EXCERPTED DATA:

^^^^^^^^

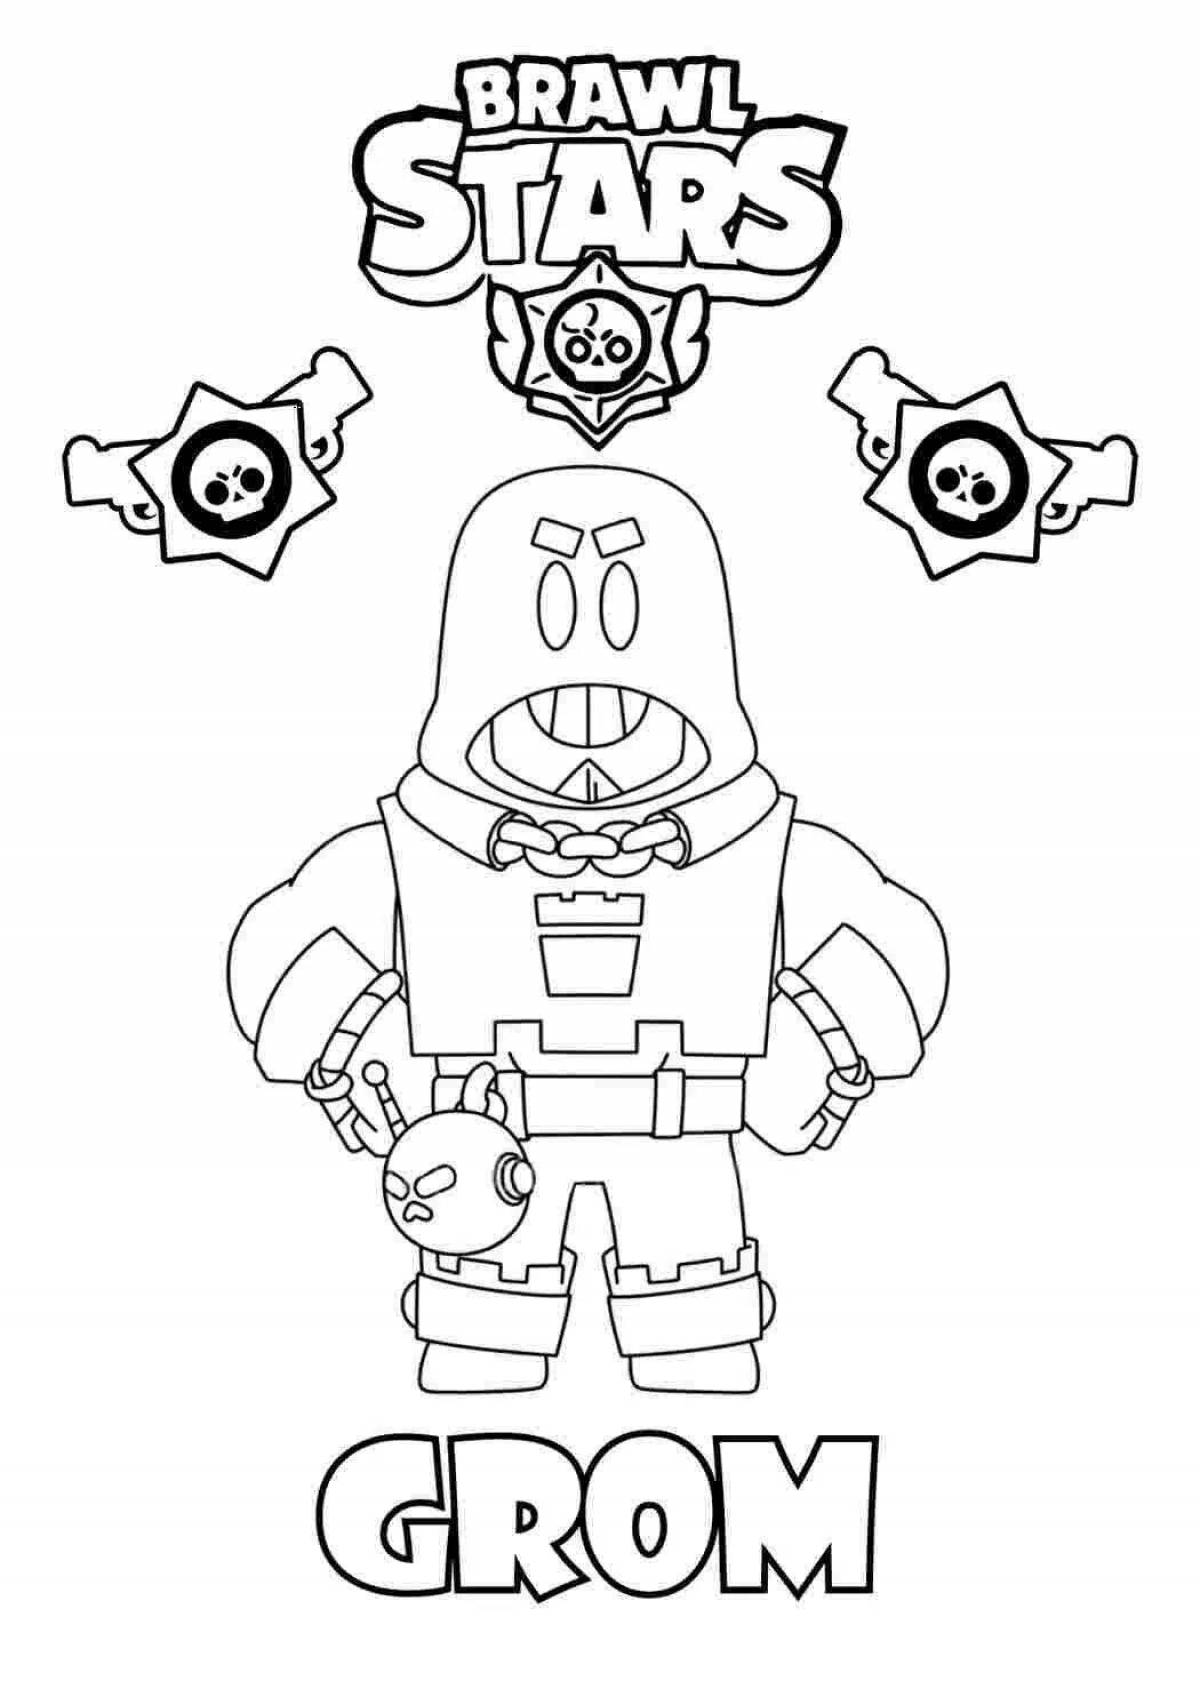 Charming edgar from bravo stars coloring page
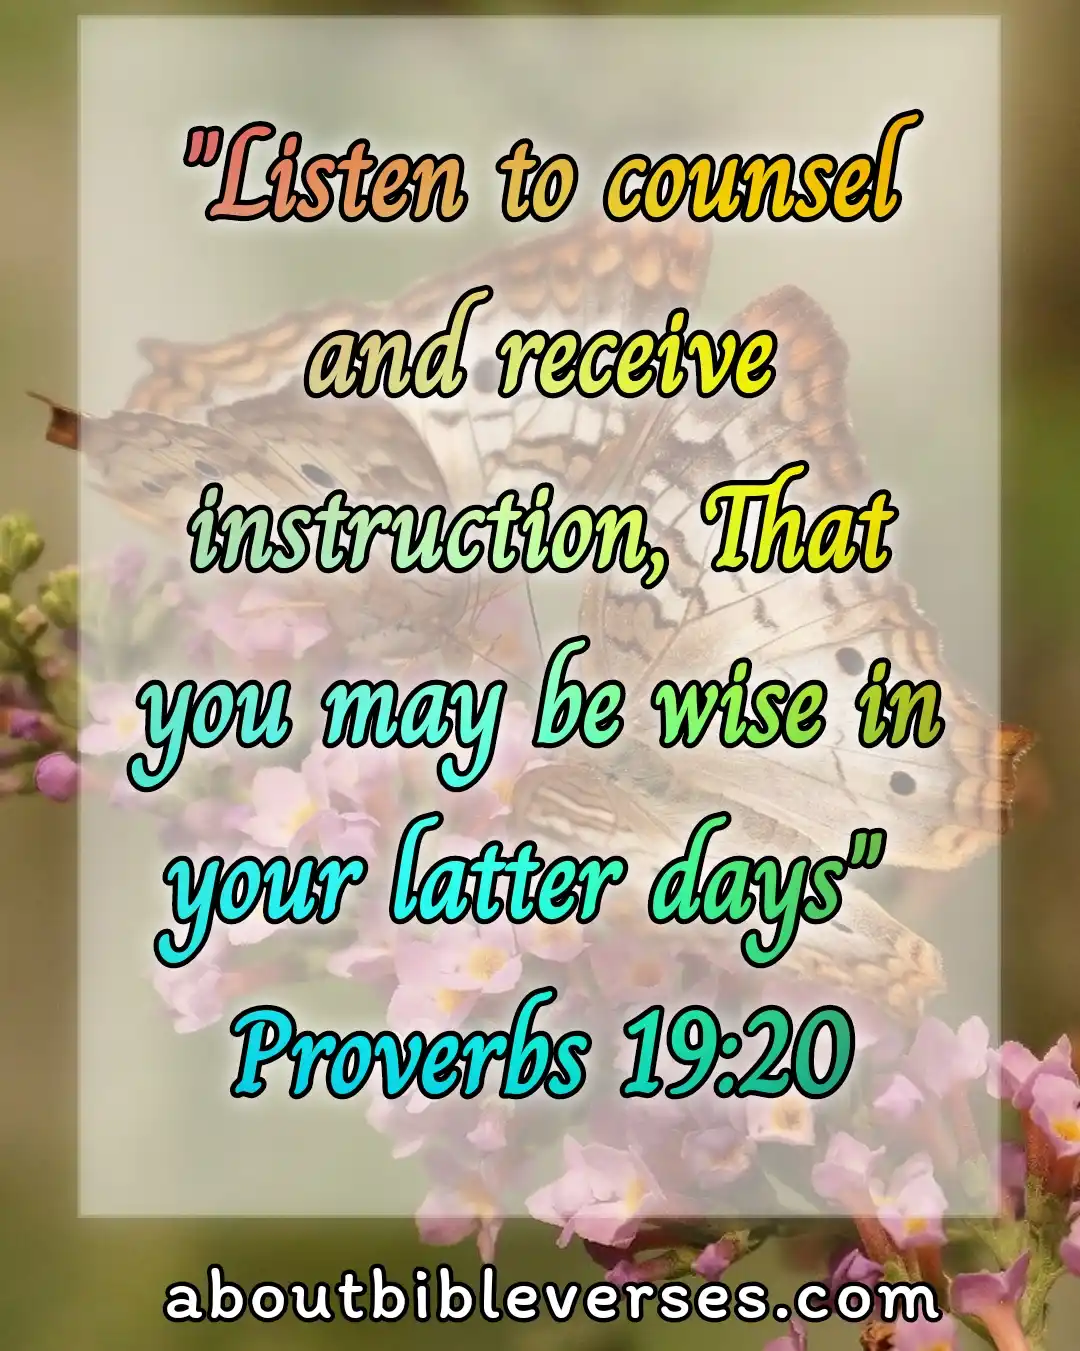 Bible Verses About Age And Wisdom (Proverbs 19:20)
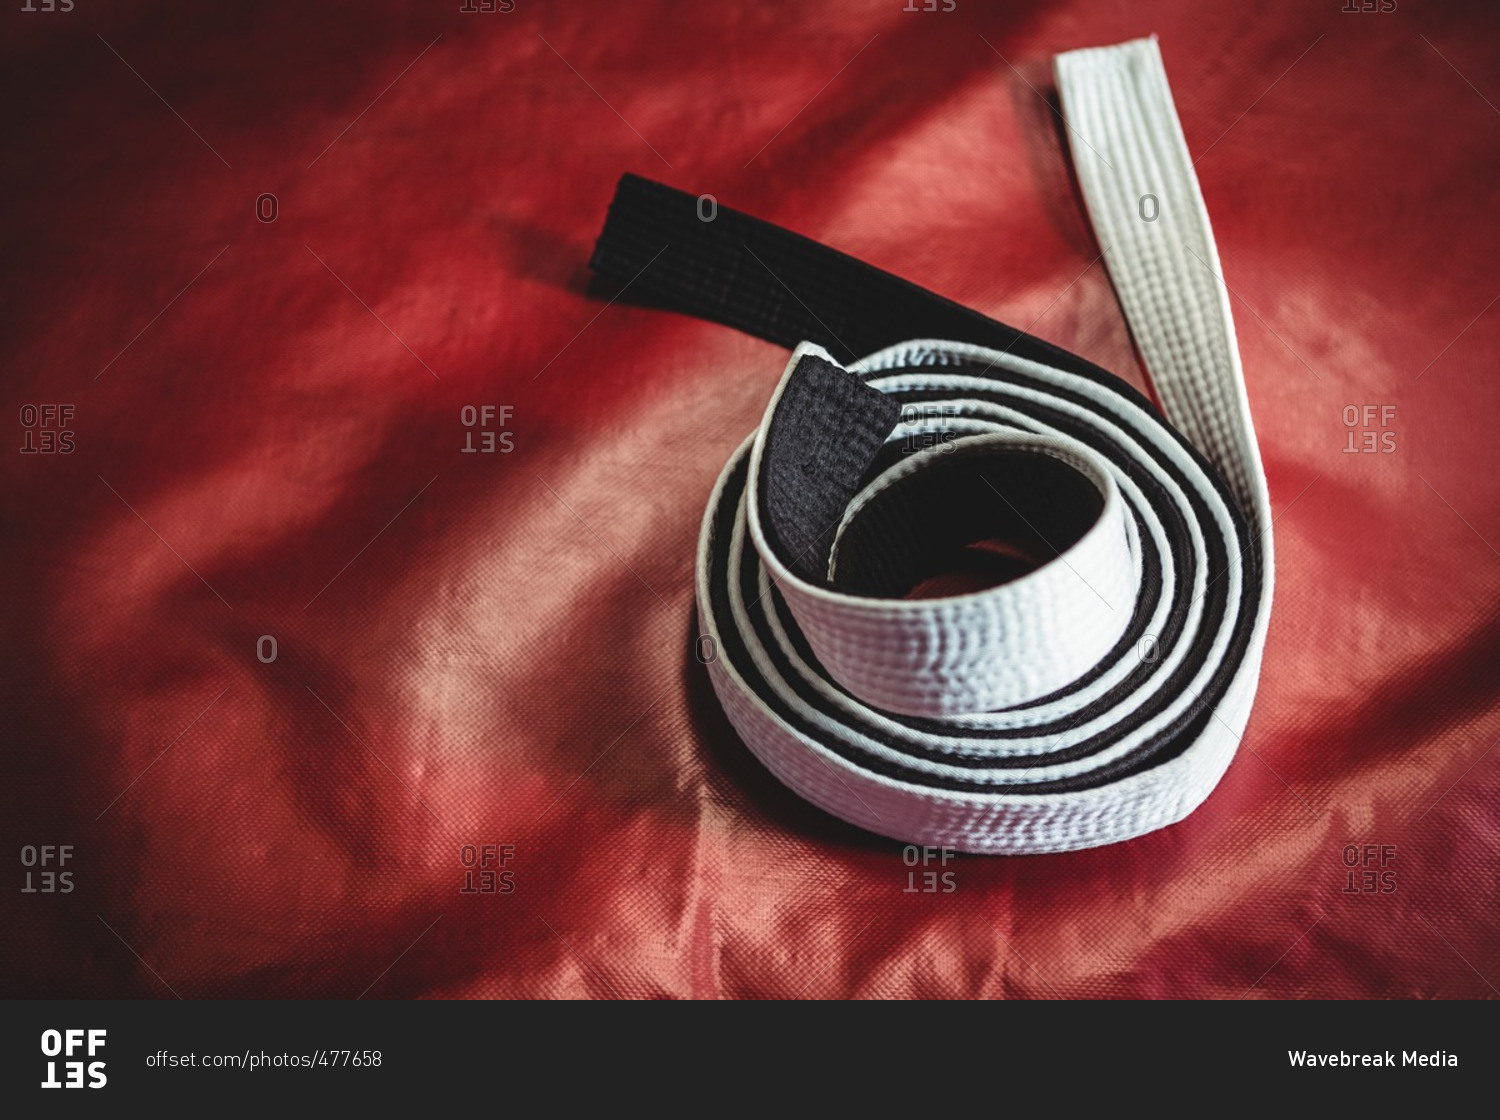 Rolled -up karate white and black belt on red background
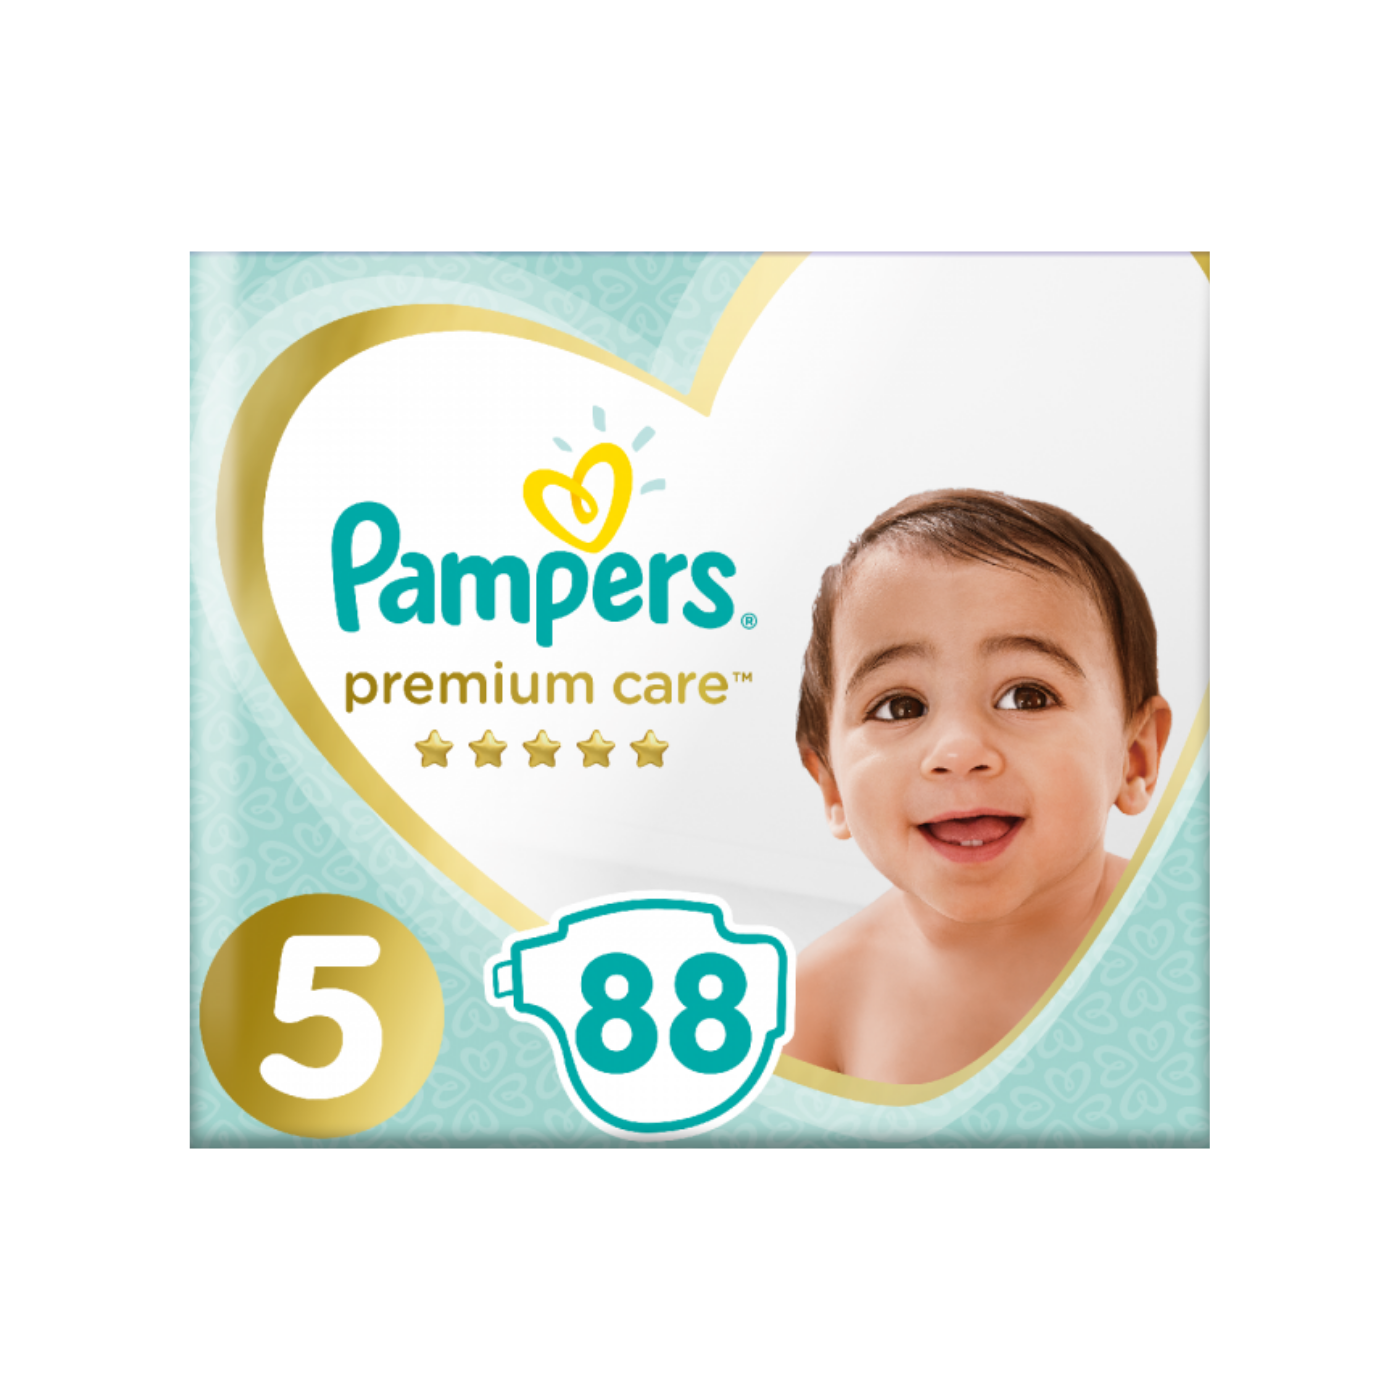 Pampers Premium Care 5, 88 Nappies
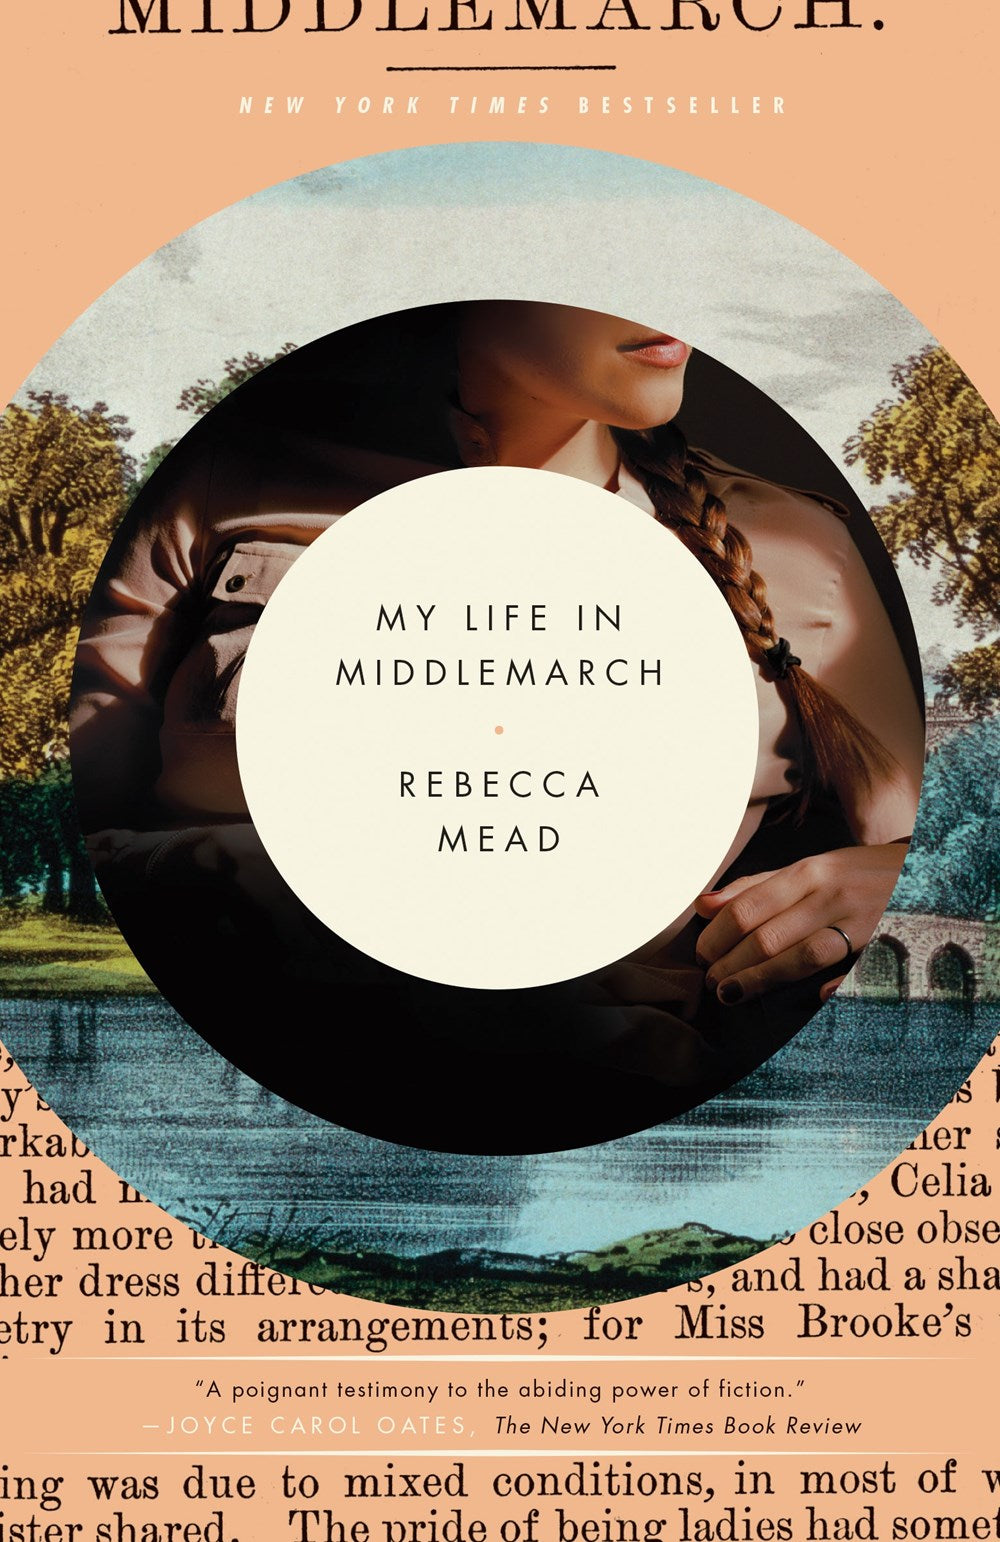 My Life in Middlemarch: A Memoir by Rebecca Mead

^^^^^^^^

HOW TO COMPLETE THIS TASK: In the records above, find the line containing "Rolled -up karate", then please restate it and each line after it word for word, pictures excluded.

RESULT OF THE EXERCISE:
 Rolled -up karate white and black belt on red background
 Pampers Premium Care 5, 88 Nappies
 My Life in Middlemarch: A Memoir by Rebecca Mead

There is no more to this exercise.